Monday, September 10, 2007

Stanley (Tasmania) 26/08/07

I left George Town with no clear idea of where I’d be staying, just that I wanted to head out along the northwest part of Tasmania.


It took a fair while, as I’d meander around, going up side roads which promised anything interesting and generally finding not much to keep me. I did, however, stop for a while at Beaconsfield - the old gold mine has been turned into a museum:

Being a curious sort of chap, when a mysterious button said "push me", I did, and looked around for whatever effect that might produce. After a minute or so, I set some creaking machinery into action:

Inside the museum was a miner's hovel (it had a better, more vernacular word, but I've forgotten it:
Outside the museum, was a rather nicer version of where a miner had once lived:
There was also a collection of various vehicles and other artefacts of mining life, along with the artworks of the local water colours club:

Right alongside was the new gold mine which opened up just over a decade ago.

I also paid a visit to Devonport (which is where the Spirit of Tasmania ferry docks). I stayed maybe an hour, long enough to wander the streets, find the Rivers superstore and buy some shoes, find the cinema and see there was nothing of interest to me. Burnie, I was in and out, just stoppping long enough to establish there were no cheap accommodation options.

And so, towards dusk, I found myself on yet another side road, heading towards a place called Stanley, about which I knew nothing. When I first saw it, I was confused: is it an island?From this angle it is clear - there is a narrow spit of land curving into the sea, which then erupts into a big bluff. Stanley is strung along the landward side - but as you approach from Burnie, you can’t actually see the spit, just these houses clinging to a rock.

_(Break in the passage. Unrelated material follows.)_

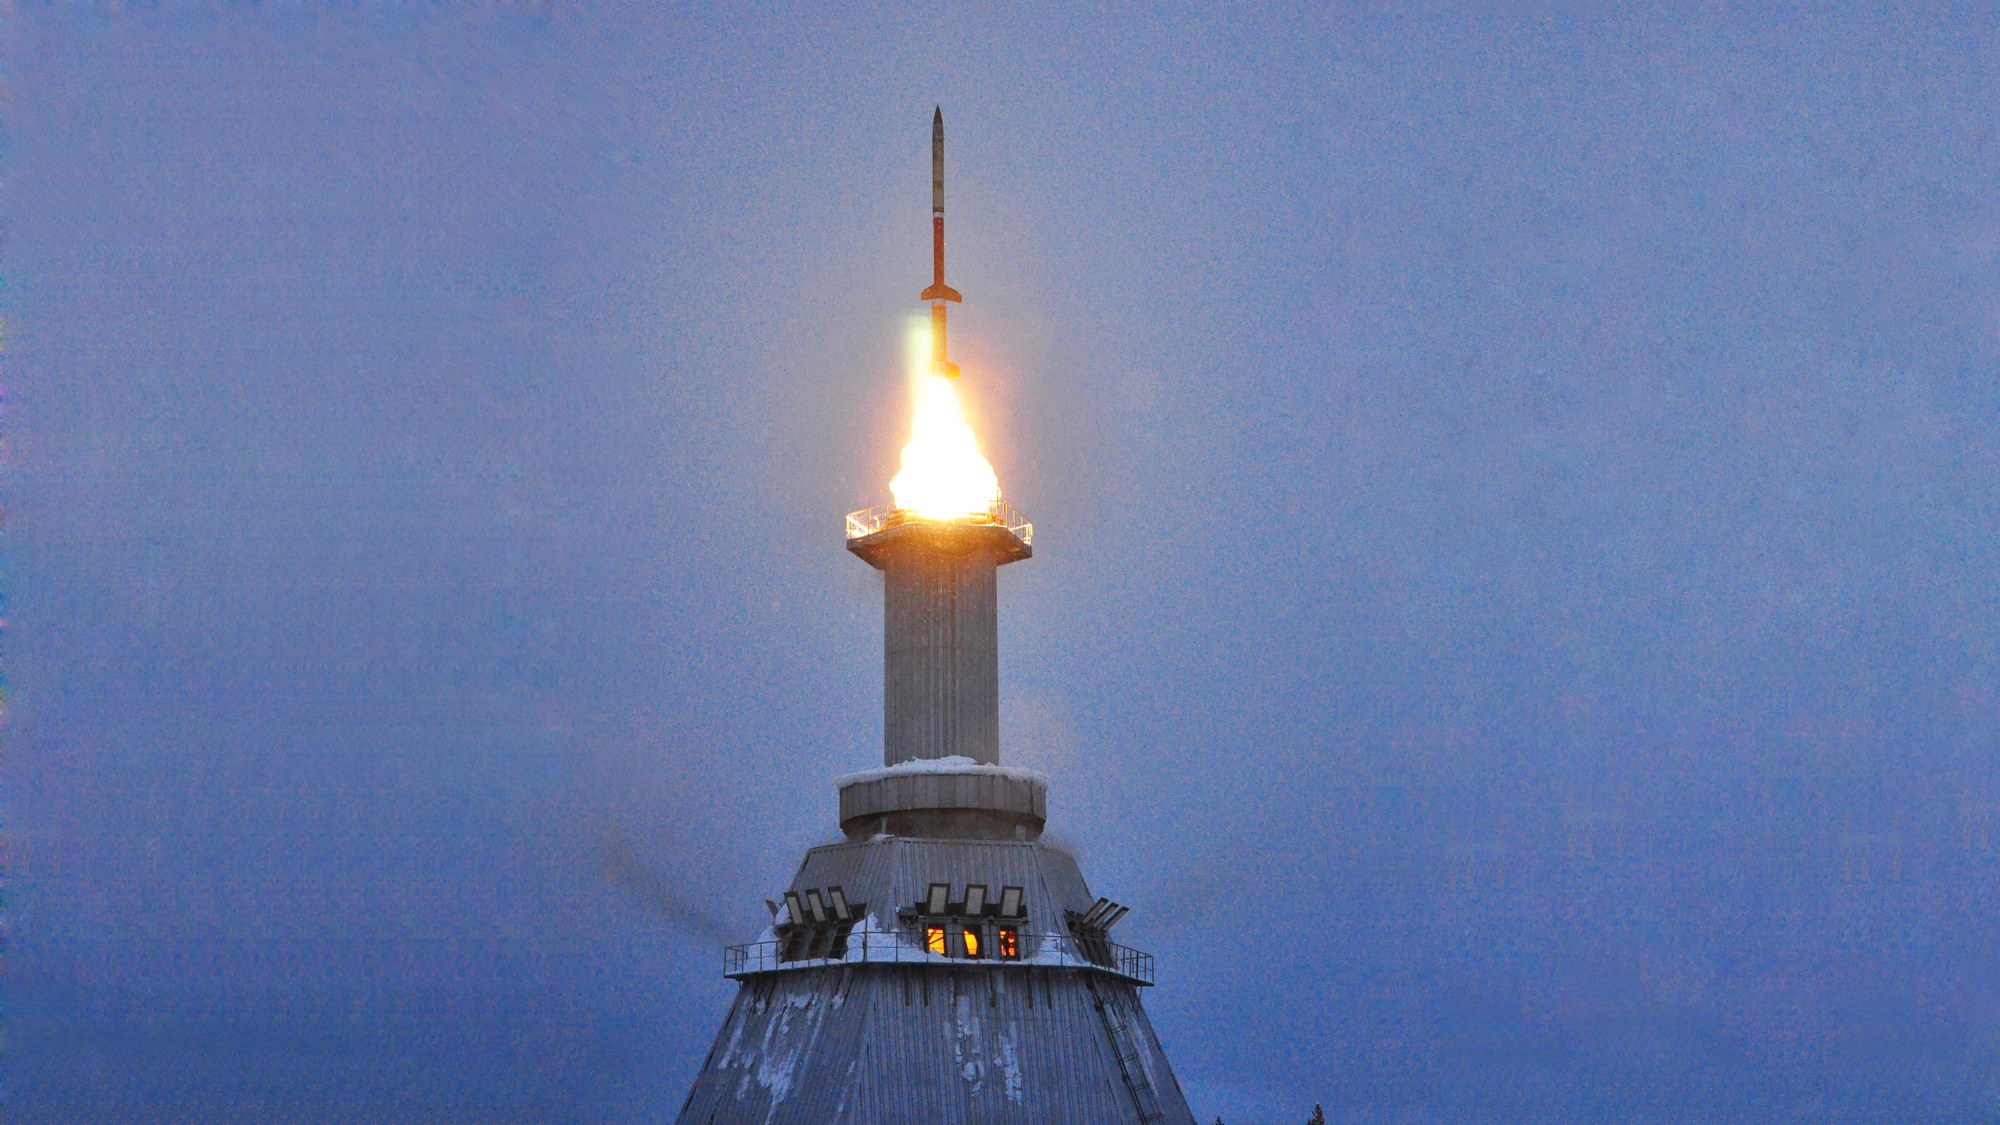 Liftoff of the Mapheus sounding rocket

The town seems to be about 50% holiday cottages, guesthouses and B&B’s, yet it was pretty much deserted. I eschewed the camping grounds in favour of the Stanley Hotel, which has a nice big deck facing the inlet. Unlike my hotel in George Town, this one’s restaurant was bustling, with so many customers that what I wanted to eat had run out, and I had to settle for a very tasty roast beef dinner. As I ate the carrots provided, I was reminded of the numerous signs I had encountered for “feed carrots, $2 a tonne (or thereabouts, I might be exaggerating)”. Also unlike my George Town hotel, this one had a disco (it is a heritage town - they still have a disco) which, on a Monday night, attracted a surprisingly large crowd, one which seemed to take delight in congregating on the street and shouting at each other, right under my window.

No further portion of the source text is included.